Scholz suggests a halfway house, where qualified majorities of member countries, weighted by population size, would gain more sway, and outliers would have less opportunity to shield national exceptions — whether to lure multinationals with ultra-low corporate taxes or to block sanctions and EU crisis management operations.

Nationalist leaders in Warsaw and Budapest rail against what they perceive as a power grab for a Germany-dominated Europe. They warn that the EU’s most populous nation would use the voting system to throw its weight around, bending smaller countries to its will _ just as it was accused of doing when trying to force reluctant eastern neighbors to accept migrant quotas.

Moreover, the proposals come at a time when Central European governments feel they’ve been proven right — and France and Germany wrong — about the danger of Russia, which makes them even less inclined to be outvoted by their Western European cousins.

Anti-German and anti-Brussels rhetoric is likely to loom large in the run-up to next year’s parliamentary election in Poland, with Jarosław Kaczyński’s ruling conservative nationalist Law and Justice party facing a strong challenge from a pro-EU opposition coalition, which is led by former European Council President Donald Tusk.

The outcome of that poll may indeed prove more influential on the future shape of EU integration than any debate about institutional fixes.

For its part, France is broadly in favor of more majority voting, notably to prevent a race to the bottom in corporate taxation. But even Paris may balk at the risk of being outvoted when it comes to policy on Africa or the Middle East, where it has historic interests.

Another area where Scholz’s proposals will struggle to advance is in overcoming old disputes within the EU over migration policy and fiscal rules.

The German leader seems to be counting on labor shortages in many member countries to help surmount more than a decade of deadlock over how to control and manage asylum and immigration. He advocates the promotion of legal migration for work in return for a more effective crackdown on illegal immigrants, using EU funds as leverage on transit countries to accept their repatriation.

The trouble is, not only do most migration experts say such repatriation strategies don’t work —given the underlying drivers of migration like climate change, poverty and conflict — but politically, Scholz is swimming against a tide of public hostility to all migration, legal or otherwise, which has helped sweep hard-right nationalists and populists from the fringes to the brink of power in countries like Sweden and Italy.

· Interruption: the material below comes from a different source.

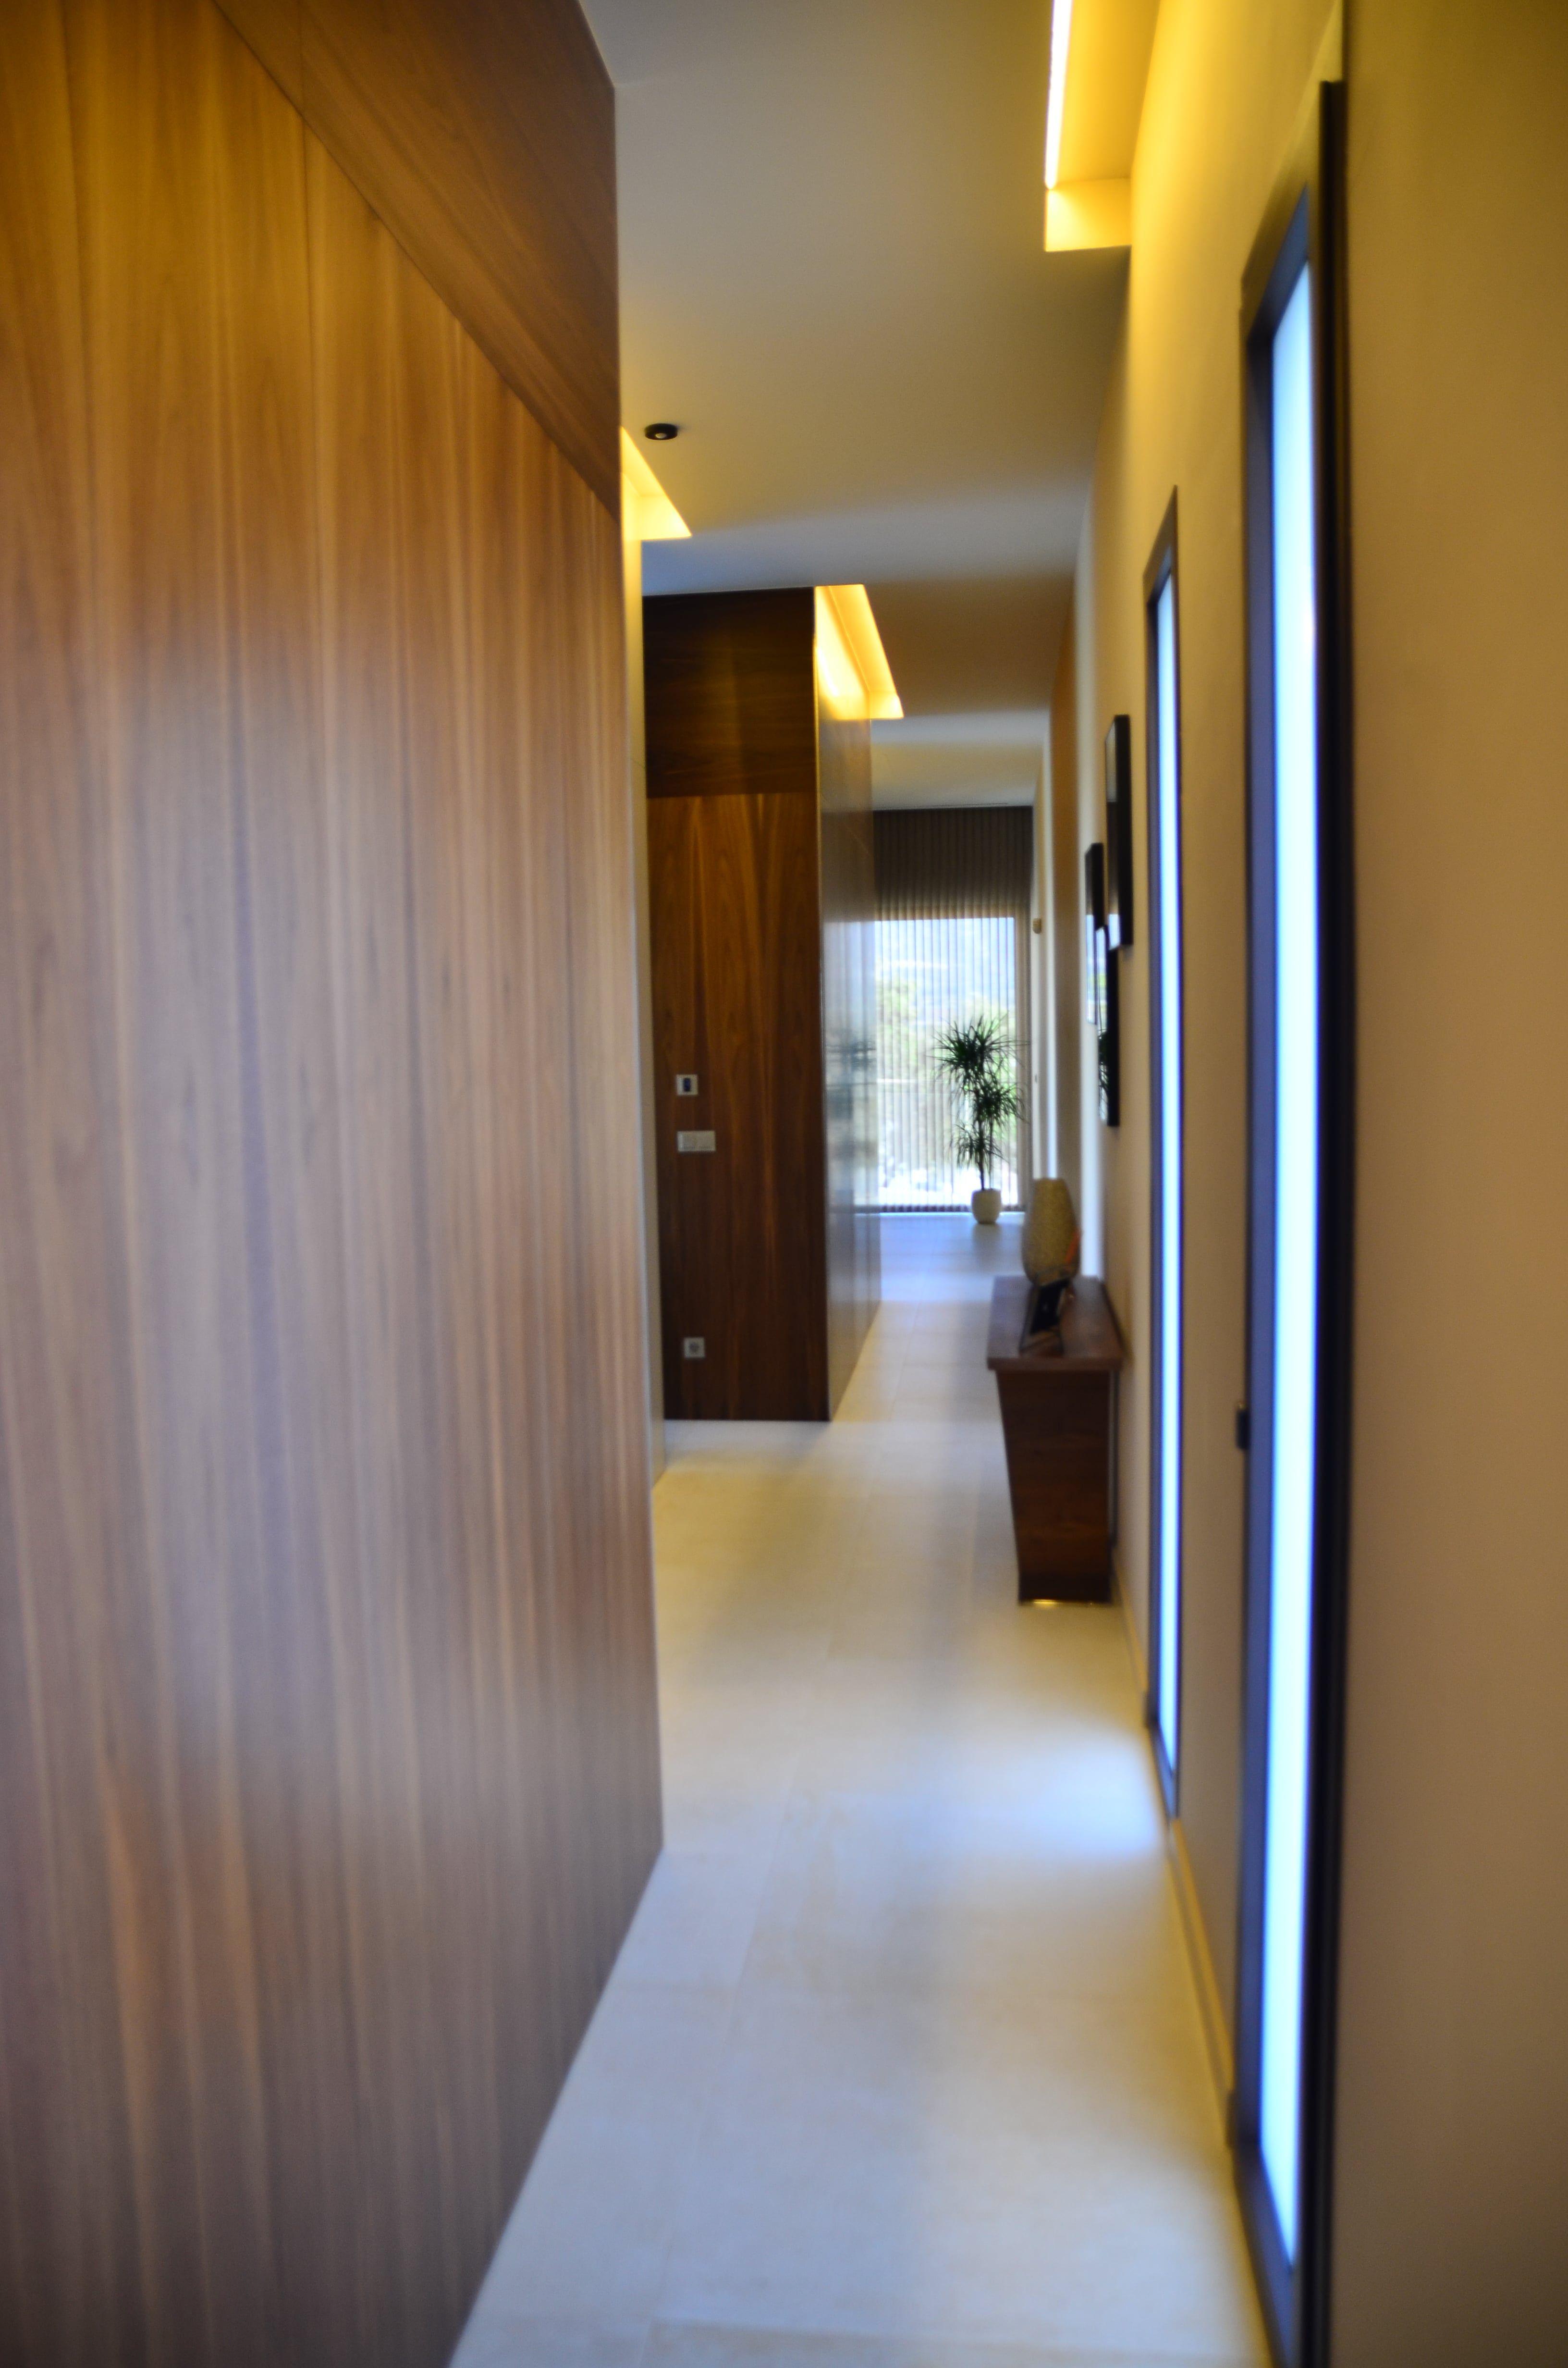 Iluminación pasillo vivienda Inel

This noisy populist chorus is likely to drown out moderate voices advocating for managed migration.

Similarly, Scholz’s call for a reform to EU’s budget rules, which would set a realistic pace for reducing national debt while allowing “transformational investments,” may well be derailed by a looming recession and the Russia-related energy crisis. The fiscal rules are currently suspended and are due to go back into force next year, but it may be easier just to kick the can down the road than to try and to negotiate a fraught compromise against a backdrop of high inflation, jittery bond markets and shrinking economies.

The last decade of serial crises has shown that when under the gun, the EU can agree on innovative and previously unthinkable solutions, such as common borrowing, collective purchases of vaccines and giant recovery funds. This may prove to be a more plausible route for future integration than formal institutional debates over majority voting and veto rights, whatever Scholz or Macron may propose.

Another year or more of war will further transform the EU from an exclusive common market into a geopolitical community, grouping all the countries to the west of Russia — except Belarus. That may well force the bloc to eventually change its rules. But it is more likely that the EU will instead go on finding creative ways of bending those rules to make what is necessary possible.